I got this great "summerish" recipe off of the show "License to grill" - it is really wonderful.

*Pinenut Dijon Crusted Chicken Sandwich*
(serves 8)





8 x  boneless skinless chicken breasts
2 tbsp olive oil (30ml)
 Salt and pepper to taste
Crust



1 cup of vegetable oil (250ml)
3 cups crushed tortilla chips (750ml)
1 cup toasted pine nuts (250ml)
1/4 cup Dijon mustard (60ml)
2 tbsp liquid honey (30ml)
2 tbsp Cajun spice (30ml)
2 tbsp fresh chopped rosemary (30ml)
Directions: 

  Pinenut Dijon Crusted Chicken Sandwich

Prepare barbeque for grilling with indirect heat by preheating one side of the grill to 250°F/125°C or medium low heat and leaving the other side of the grill off.
Oil the grill.

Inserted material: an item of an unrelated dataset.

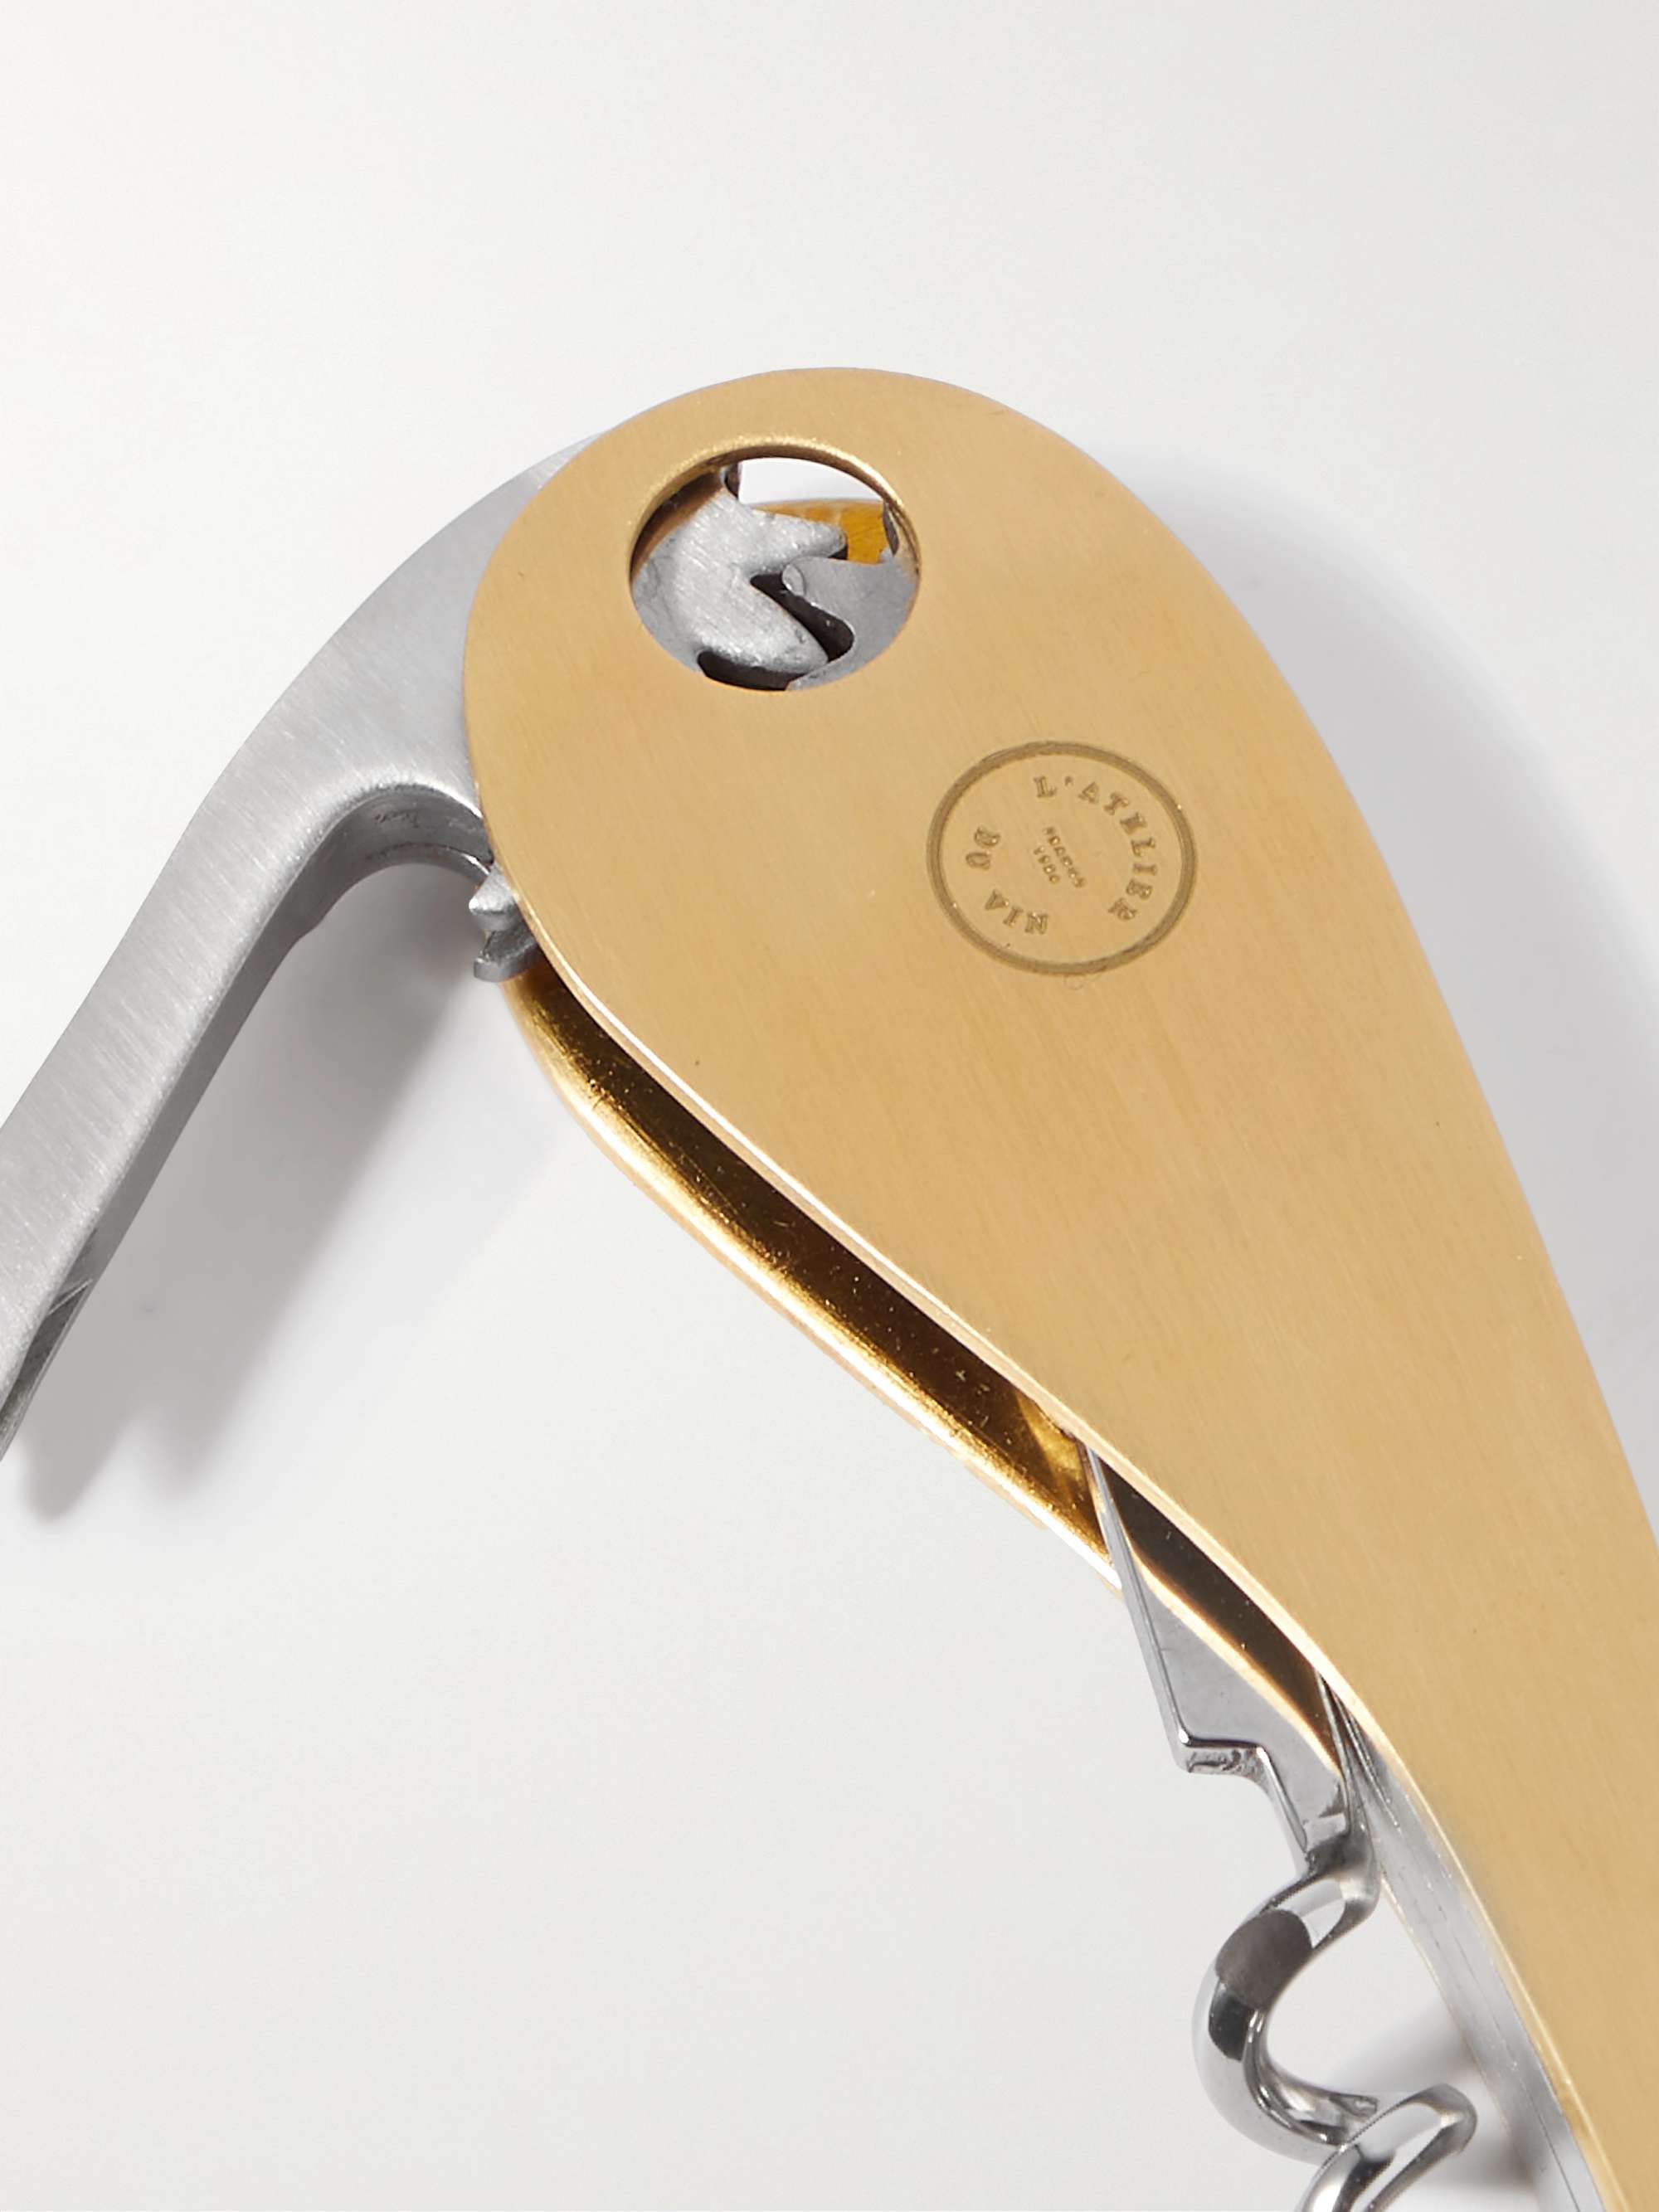 L'ATELIER DU VIN Soft Machine Gold-Tone and Stainless Steel Corkscrew

Drizzle chicken with olive oil and add salt and pepper to taste.
Place chicken on heated side of grill and sear each side for 1 minute or until nice char marks are achieved.
Move chicken over to the non-heated side of the barbeque. Coat the top side of the chicken breasts with crust mixture. Close the barbeque lid and cook for 8 minutes per side.
Remove chicken and serve with spicy mayo and crusty buns.
Crust To make the crust, combine all the ingredients in a food processor. Pulse until well combined and a chunky paste has formed.


----------